Mucus is the normal secretory product lining the epithelium. It is more than 90% water with the principal polymeric component being the gel-forming mucins MUC5B and MUC5AC. The former is a primary secretory polymeric protein from submucosal glands and the latter is the main gel-forming mucin from surface mucous or goblet cells. There are small amounts of MUC2 in the airways of persons with chronic infection and inflammation such as in bronchiectasis or cystic fibrosis (CF). MUC7 is expressed in serous cells of the submucosal glands but gene expression levels are not altered in chronic airway diseases such as CF. In health, these gel-forming mucins form long, linearly linked oligomers joined by disulfide bonds. In normal mucus, there is minimal intramolecular cross-linking and the polymeric nature comes from the length of the oligomers and their entanglement, producing what has been called a “tangled network.” The abnormal sputum structure seen in conditions like plastic bronchitis or fatal asthma may be due to abnormal cross-linking between adjacent mucin oligomers ( Fig. 2 ).

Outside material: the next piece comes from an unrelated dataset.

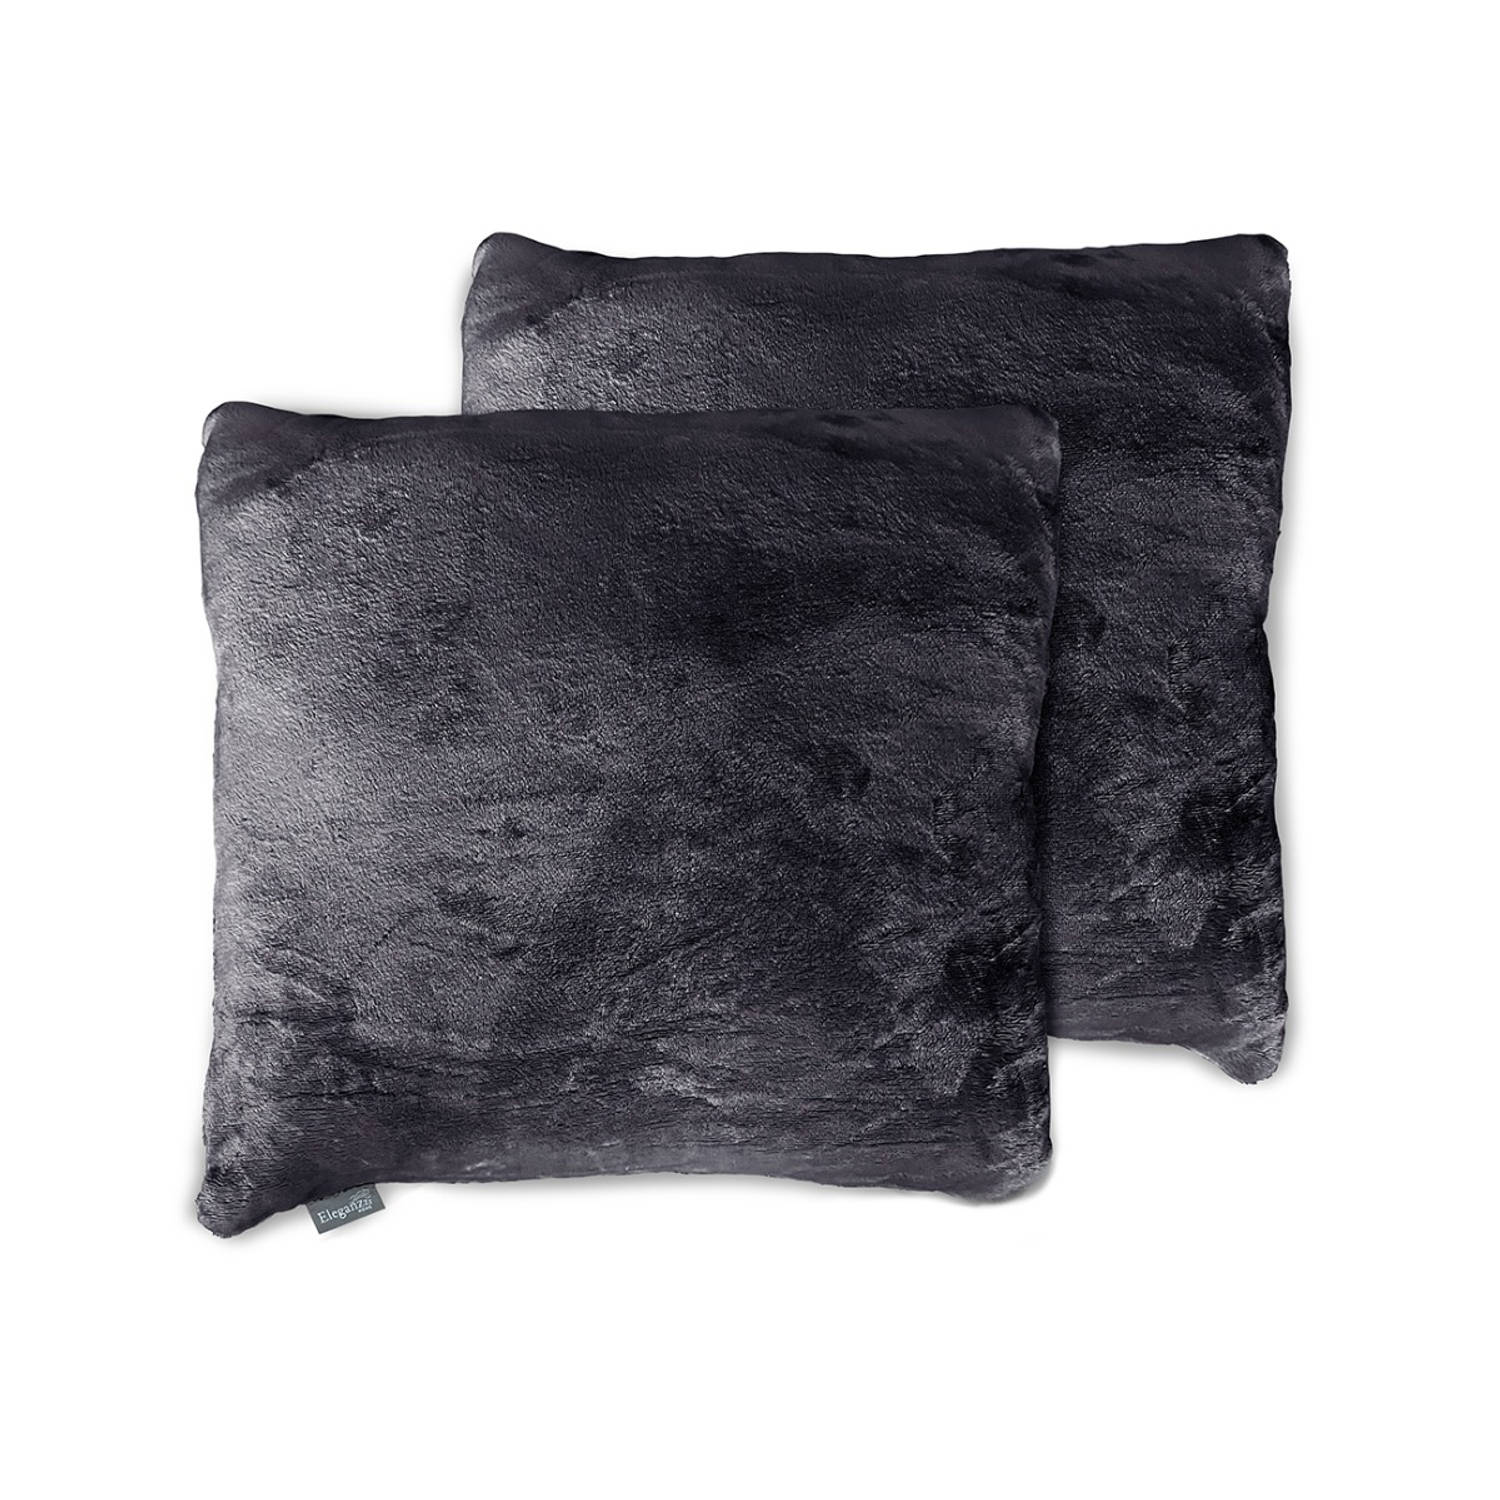 Eleganzzz Sierkussens Flanel Fleece - Dark Grey - Sierkussens 50x50cm - Set van 2 Kussens - 100% Flanel Fleece Voorzijde - 100% Velvet Achterzijde

Confocal micrograph of a plastic bronchitis cast showing dense mucin polymers in red but no copolymers of DNA and F-actin. DNA, pseudo-color green, is only stained within the nuclei of inflammatory cells.

The core mucin proteins are heavily decorated by sugar moieties forming a bottlebrush structure. Serine and threonine are prominent among these sugars. Studies of the core proteins in mucins have been hampered as antibodies to the core mucin proteins may bind poorly because of the carbohydrate coat.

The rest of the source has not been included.